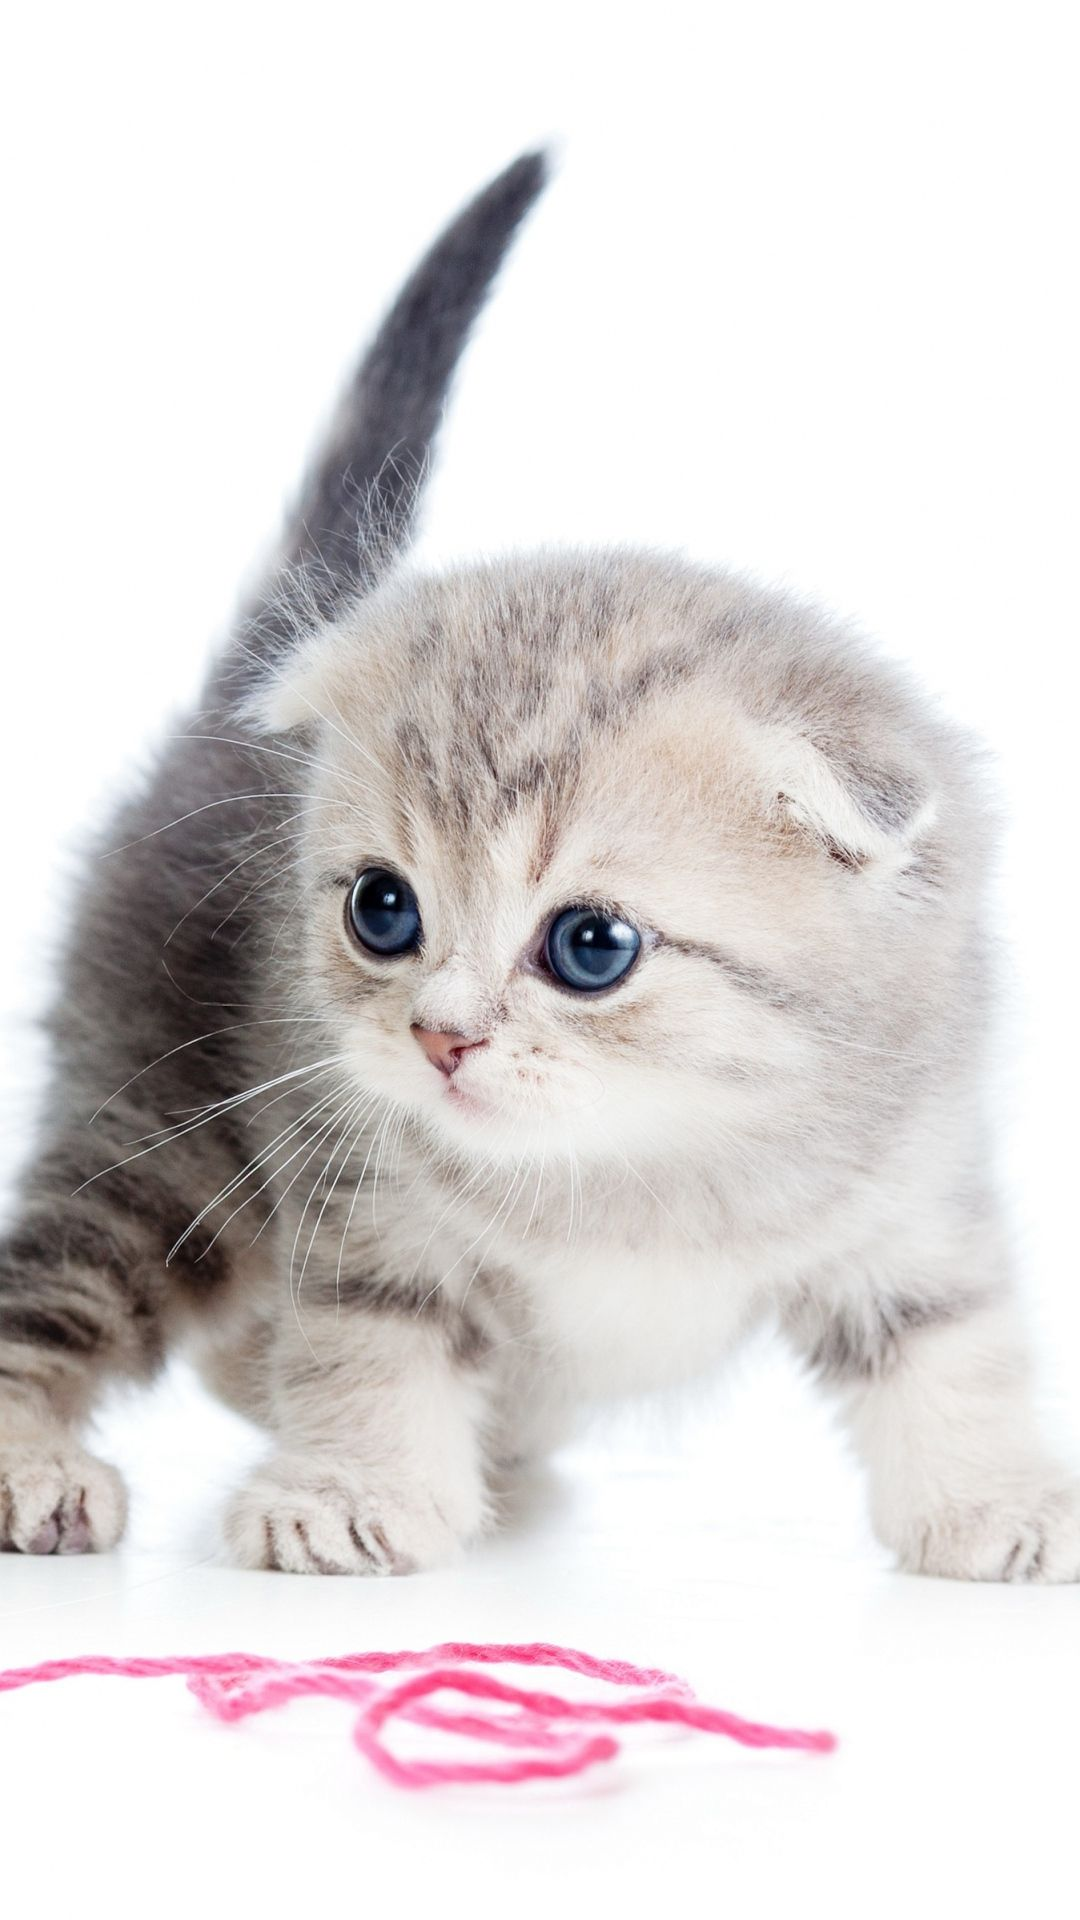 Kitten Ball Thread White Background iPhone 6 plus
--
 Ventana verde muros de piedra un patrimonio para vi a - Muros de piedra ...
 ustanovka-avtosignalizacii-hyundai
--
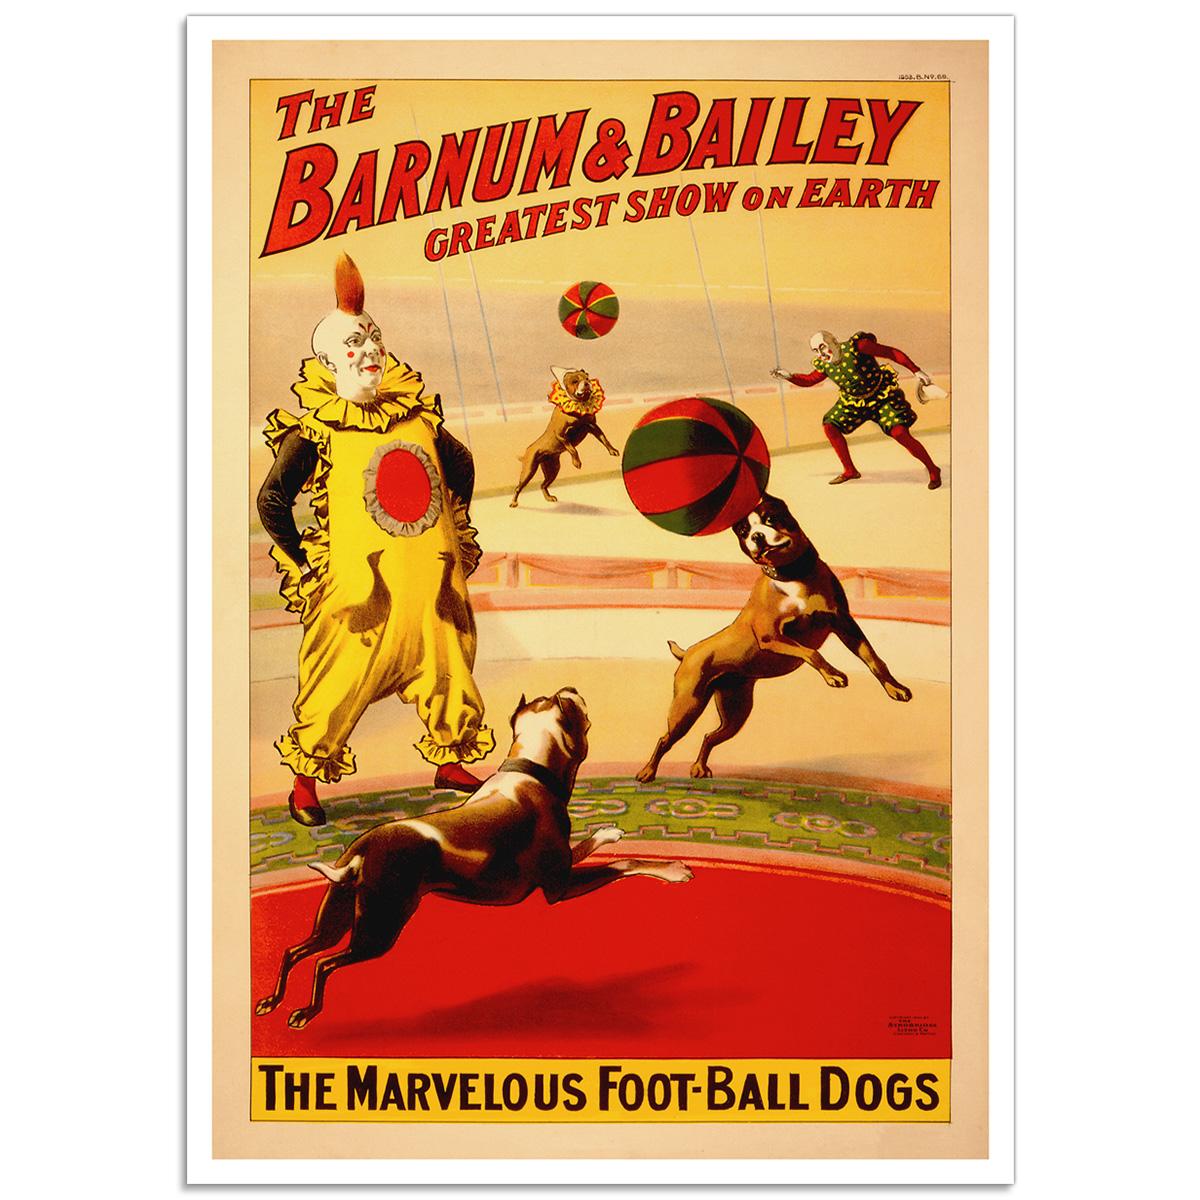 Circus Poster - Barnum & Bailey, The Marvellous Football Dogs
--
**Problem:** Take from the material above the lines running from the one with "Ventana verde muros" through the one with "ustanovka-avtosignalizacii-hyundai", and repeat them exactly, with nothing else.

**Result of this exercise:**
 Ventana verde muros de piedra un patrimonio para vi a - Muros de piedra ...
 ustanovka-avtosignalizacii-hyundai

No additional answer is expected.